* [DATA SEGMENT]:

======

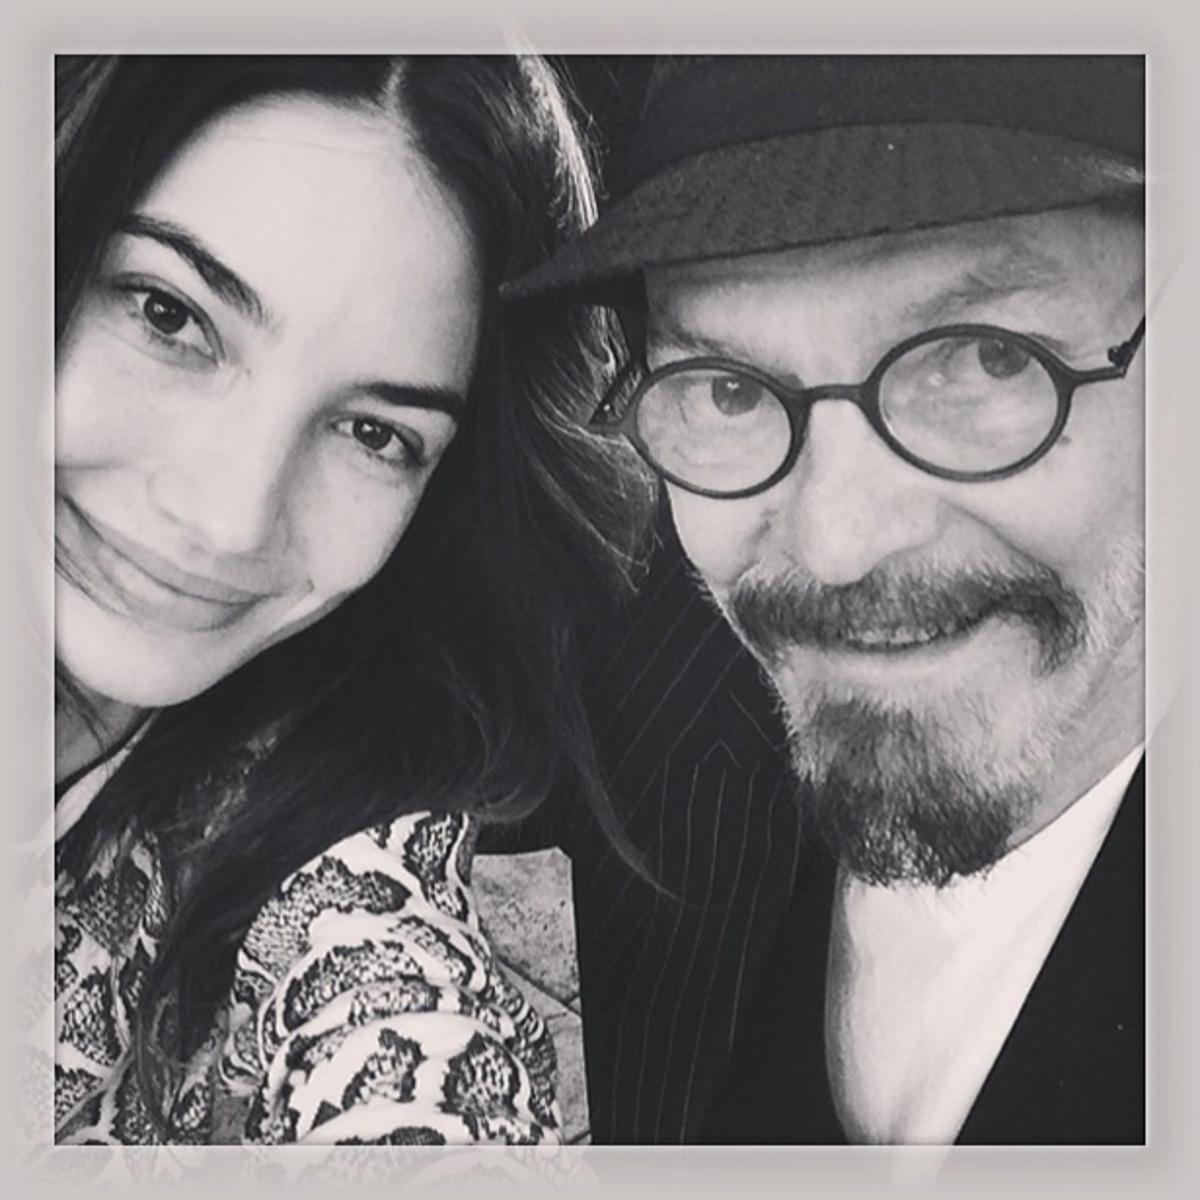 instagram.com/@lilyaldridge
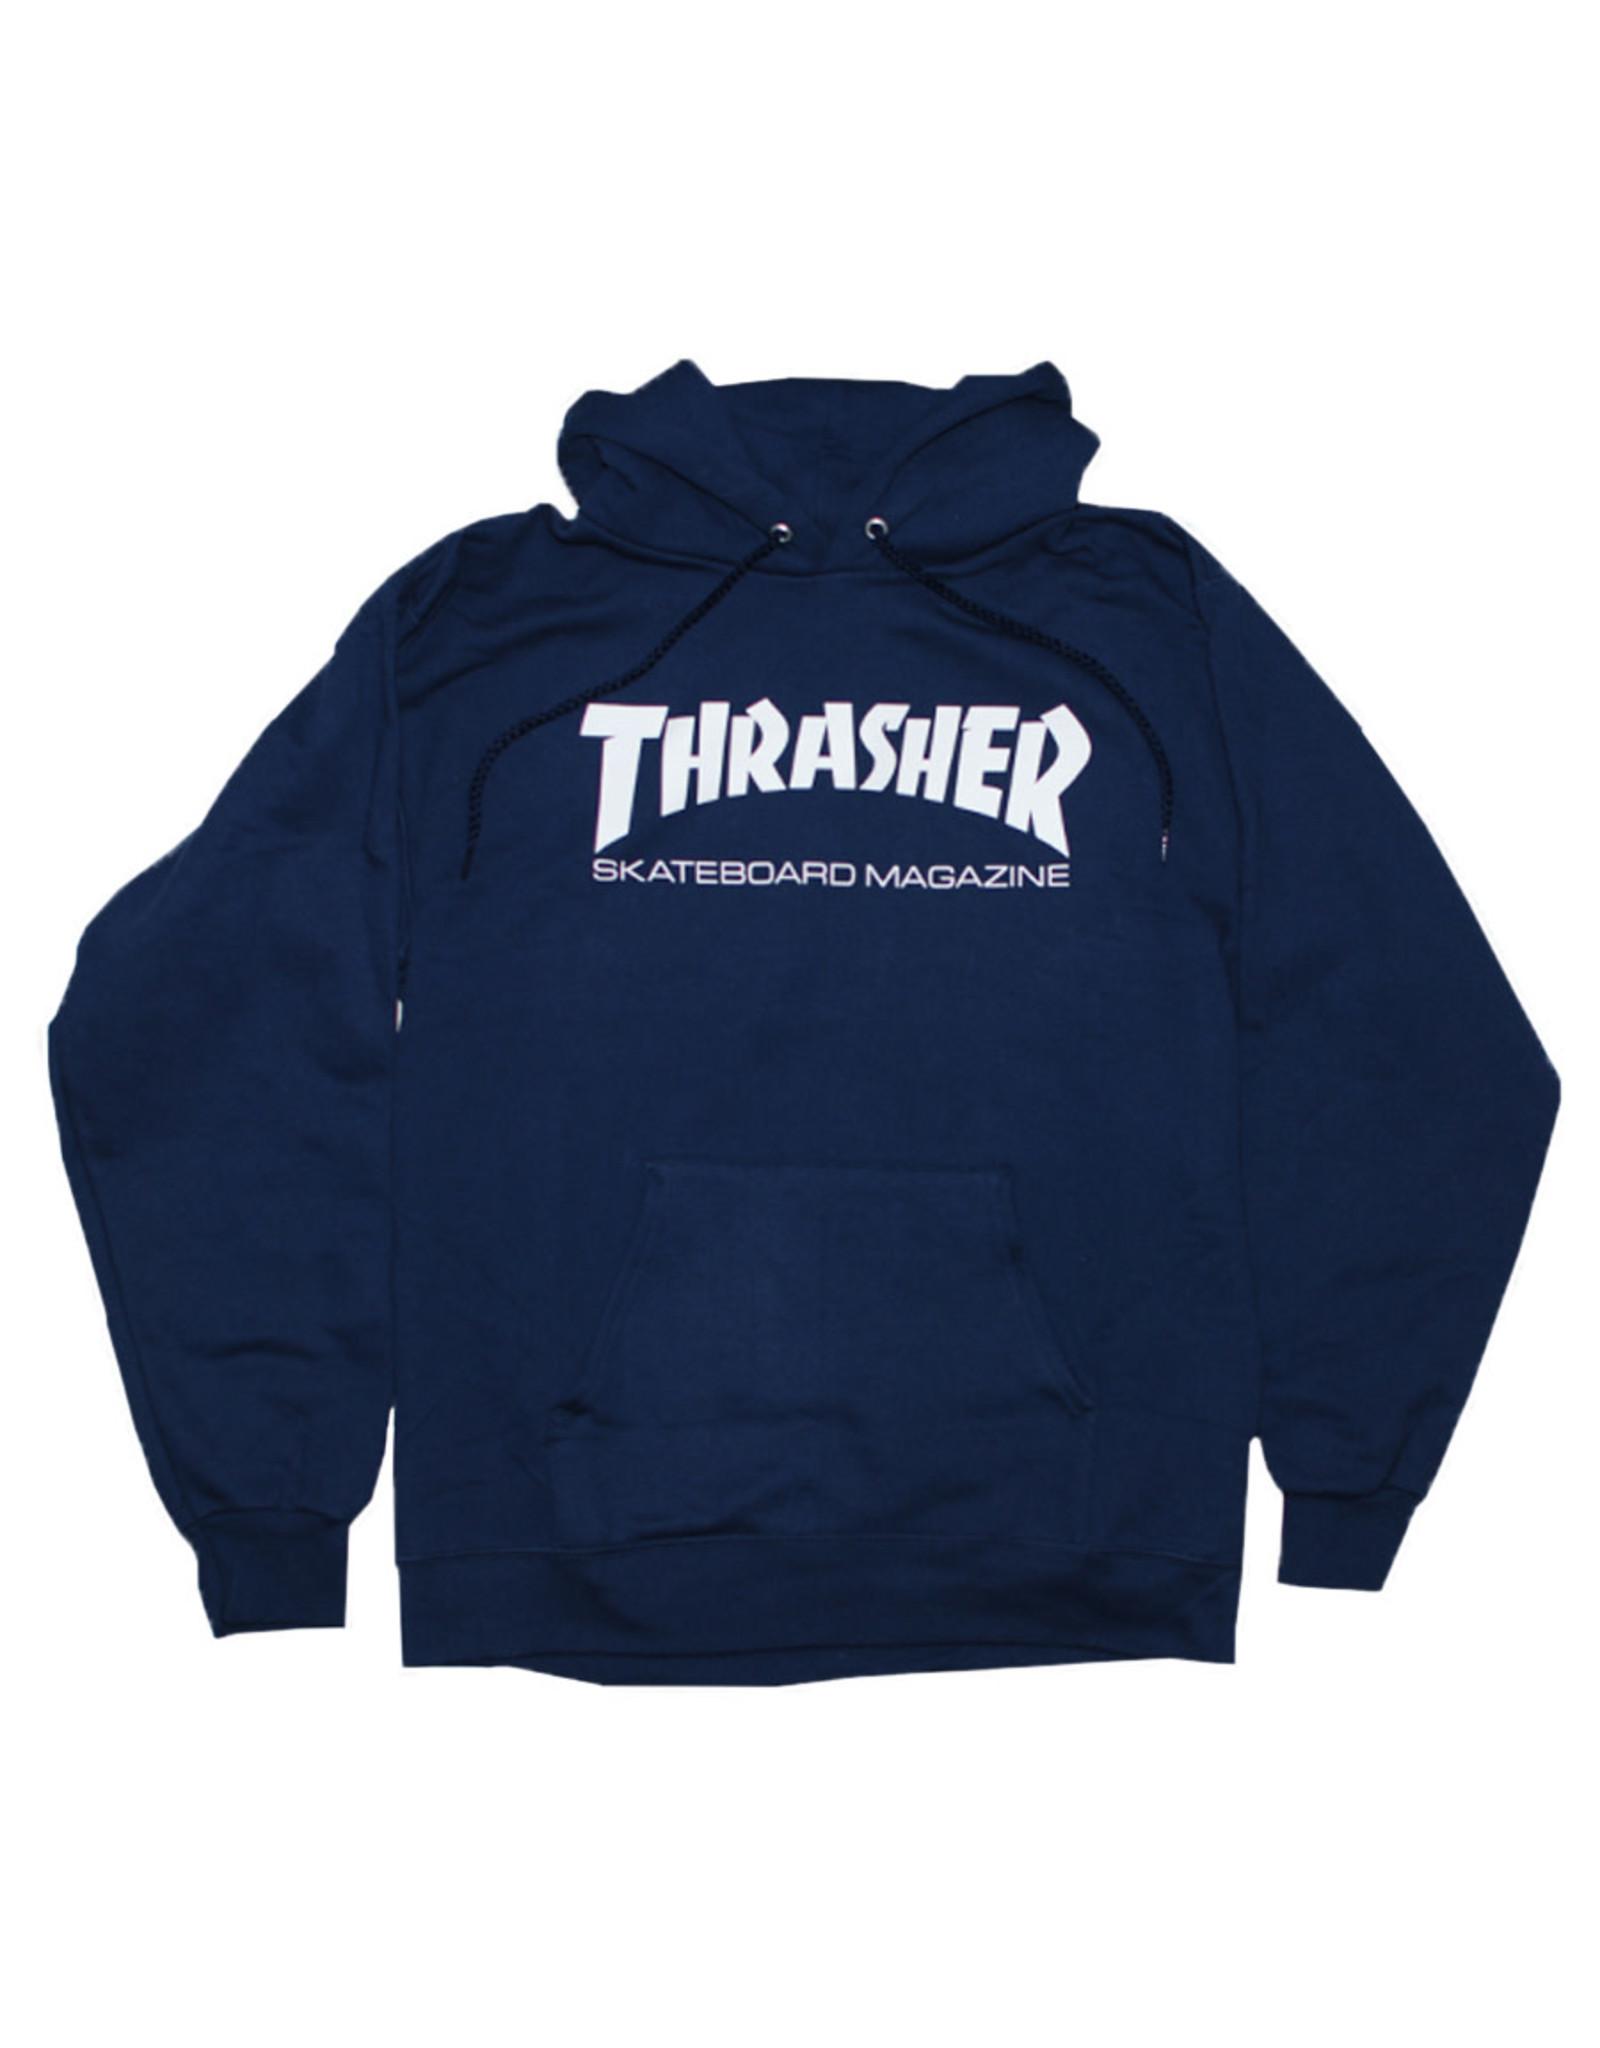 Thrasher Thrasher Hood Mens Sk8 Mag (Navy Blue)
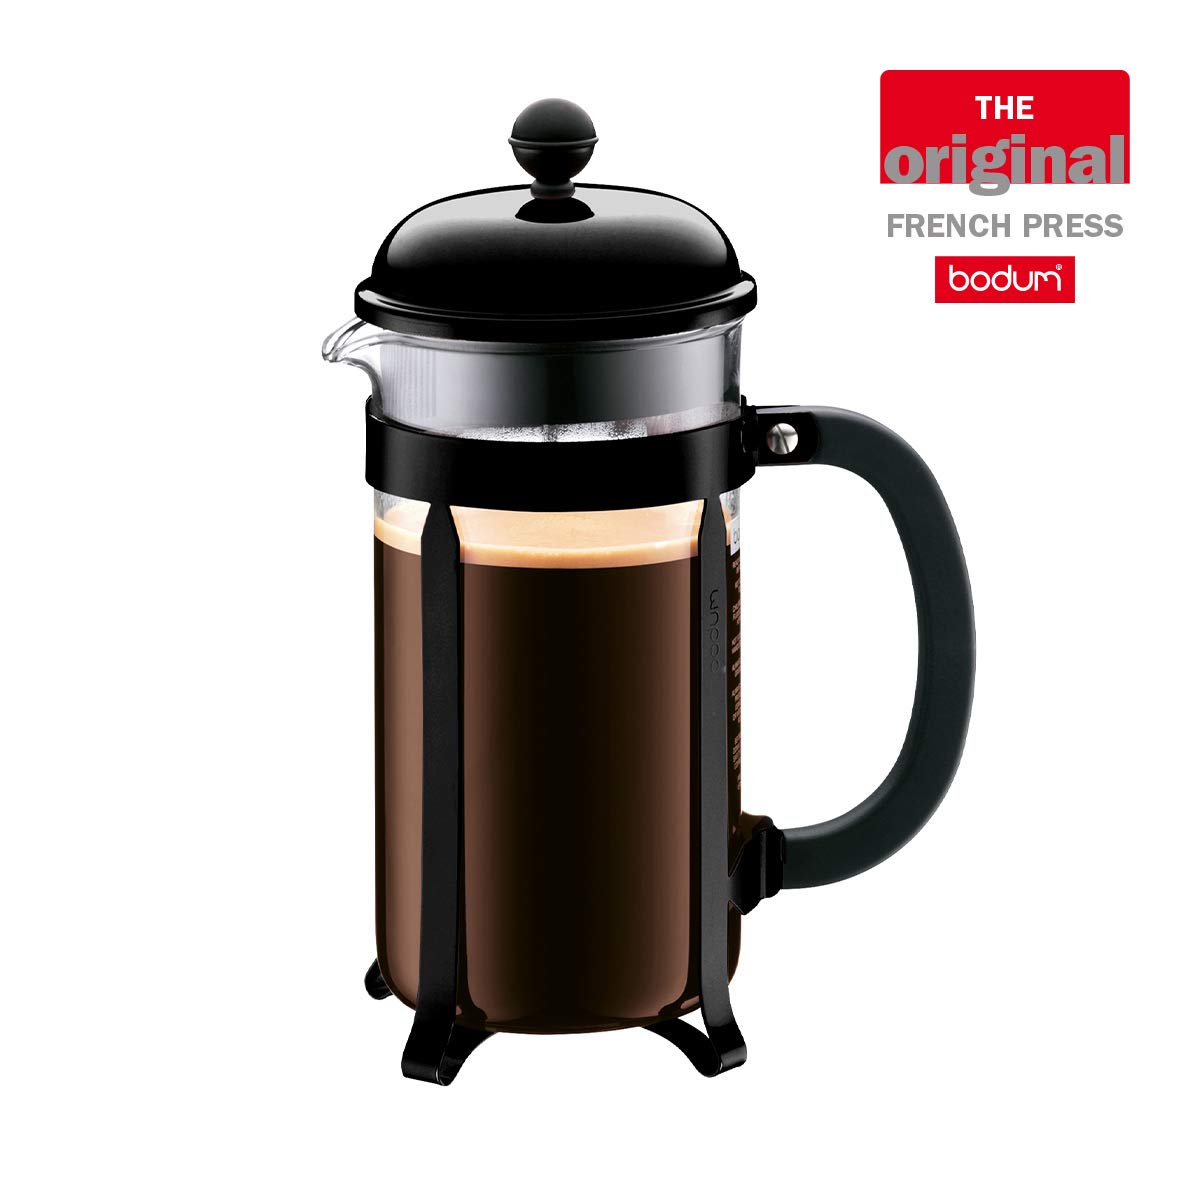 BODUM 1928-01 Chambord French Press Coffee
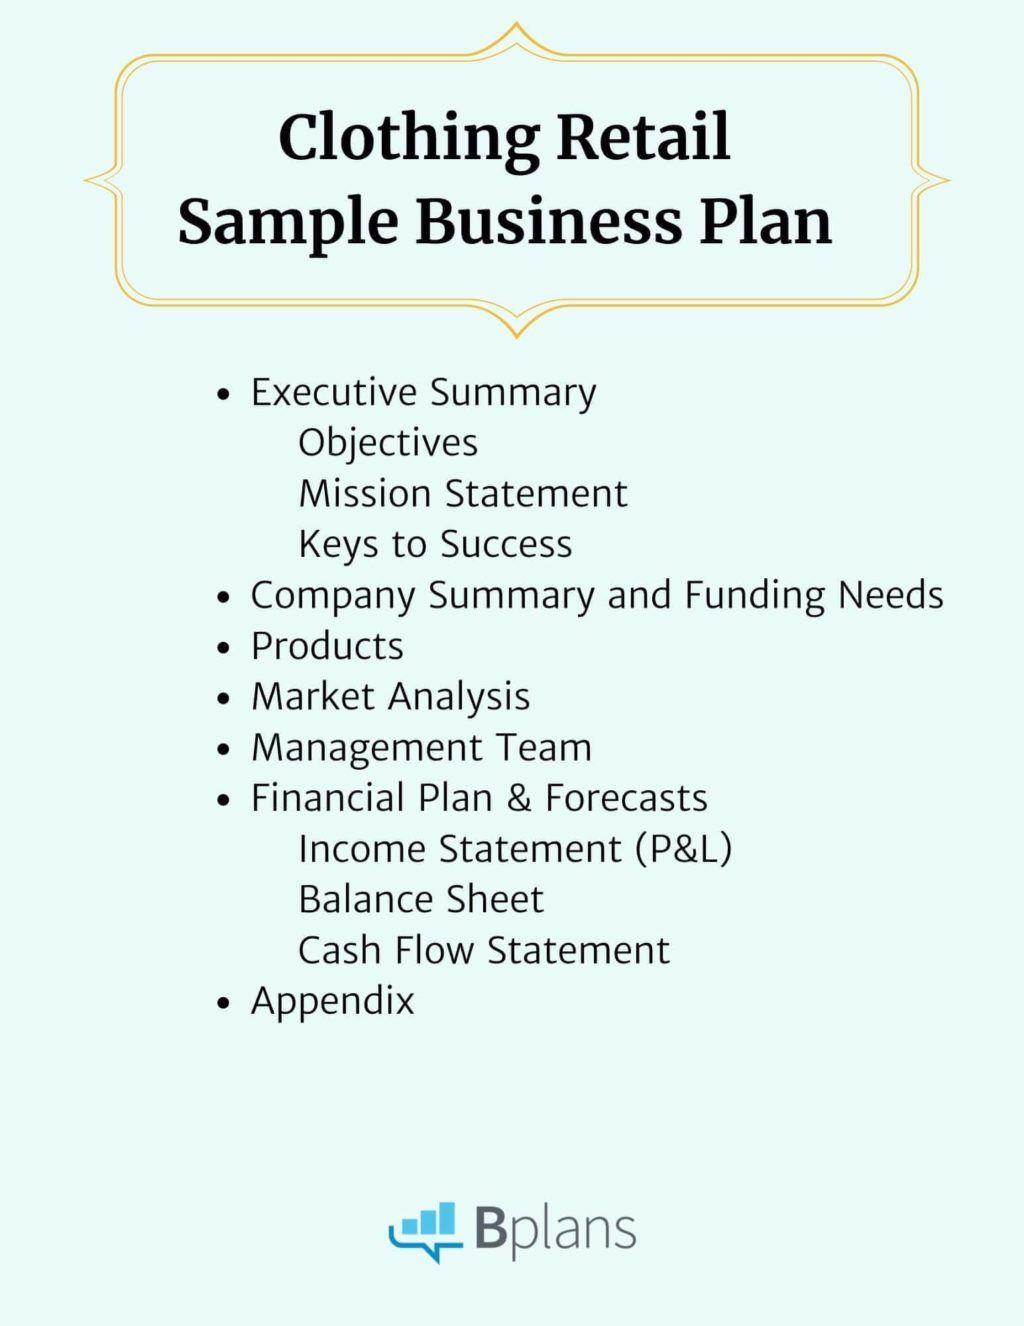 Clothing Retail Sample Business Plan Bplans pertaining

======

* [DIRECTIONS FOR THIS TASK]:
With the pictures excluded, retype exactly the lines from the one containing "BODUM 1928-01 Chambord French Press Coffee" through the last line of the listing, both ends included.

* [SOLUTION]:
 BODUM 1928-01 Chambord French Press Coffee
 Clothing Retail Sample Business Plan Bplans pertaining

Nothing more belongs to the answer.